In this op-ed, attorney Cristina Buccola argues that the hemp industry advocates should make sure the 2018 Farm Bill does not ban former drug offenders from the hemp industry or drastically change food assistance programs to needy Americans.


This summer, both the U.S. House of Representatives and the U.S. Senate voted to approve their respective versions of the 2018 Farm Bill and to send them to conference. Now, as 9 senators meet with 47 House representatives to reconcile each version of the bill, we should be acutely attuned to two particularly insidious areas up for inclusion – one in the House Bill relating to changes to the Supplemental Assistance Nutritional Program (“SNAP,” which is in the House Bill and I’ll refer to as the “anti-SNAP provisions”) and one relating to a ban in the industrial hemp industry that would keep former drug offenders from participating in it.

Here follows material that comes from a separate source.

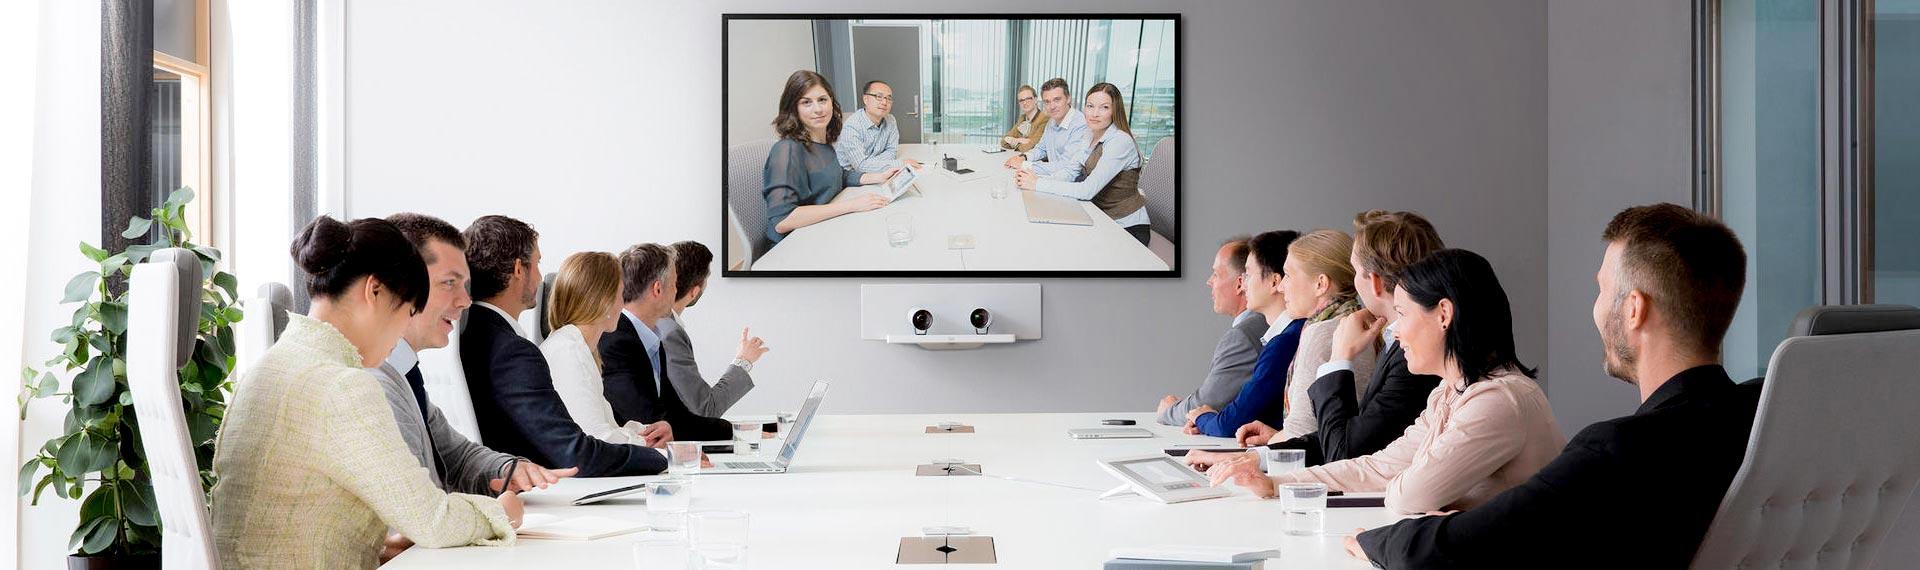 sistemi di videoconferenza meeting videochiamata novara

These provisions are egregious in nature and discriminatory in practice, run against the very fundamentals of the Farm Bill itself, and must be excluded in the final version of the 2018 Farm Bill at all costs.

The Hemp Amendment’s Felony Charge Provision

In the Senate’s version of the Farm Bill, Mitch McConnell’s  Amendment No. 1 — otherwise known as the “Hemp Amendment,” will give clear federal legal status to industrial hemp and its multitude of uses across the food, fiber, and pharmacology sectors. The retail potential of industrial hemp is undeniable; 2016 US sales of industrial hemp products were approximated at $700 million with an estimated sector growth of ten to 20 percent per year.

The Hemp Amendment looks good and in step with the purposes of the Farm Bill, as it will open up economic opportunities to Americans through agriculture. However, there’s a critical flaw: It prevents individuals convicted of a felony related to a controlled substance from participating in the legal industrial hemp sector.

This ban will have a disparate impact on already marginalized groups, and imbue a new industry with racist, classist, and arbitrary barriers to entry.

The term “felony” and its use in the Hemp Amendment is divisive: It’s employed as a scare tactic to conjure up scenarios of dangerous criminals engaged in nefarious activities, thereby requiring their elimination from the hemp industry and validating the ban itself. But the ban only applies to felonies related to controlled substances — people convicted of violent felonies (rape, murder, pedophilia) and felonies of moral turpitude (embezzlement, fraud, theft) may enter the hemp industry with abandon (provided there are no controlled substances involved). And what constitutes a felony related to a controlled substance runs the gamut: minor infractions — like personal possession of small amounts of marijuana — constitute felonies in certain states. In Arizona, for example, an individual caught with any amount of marijuana can be slapped with a felony charge. In Idaho, it only takes an amount over 3 ounces of marijuana.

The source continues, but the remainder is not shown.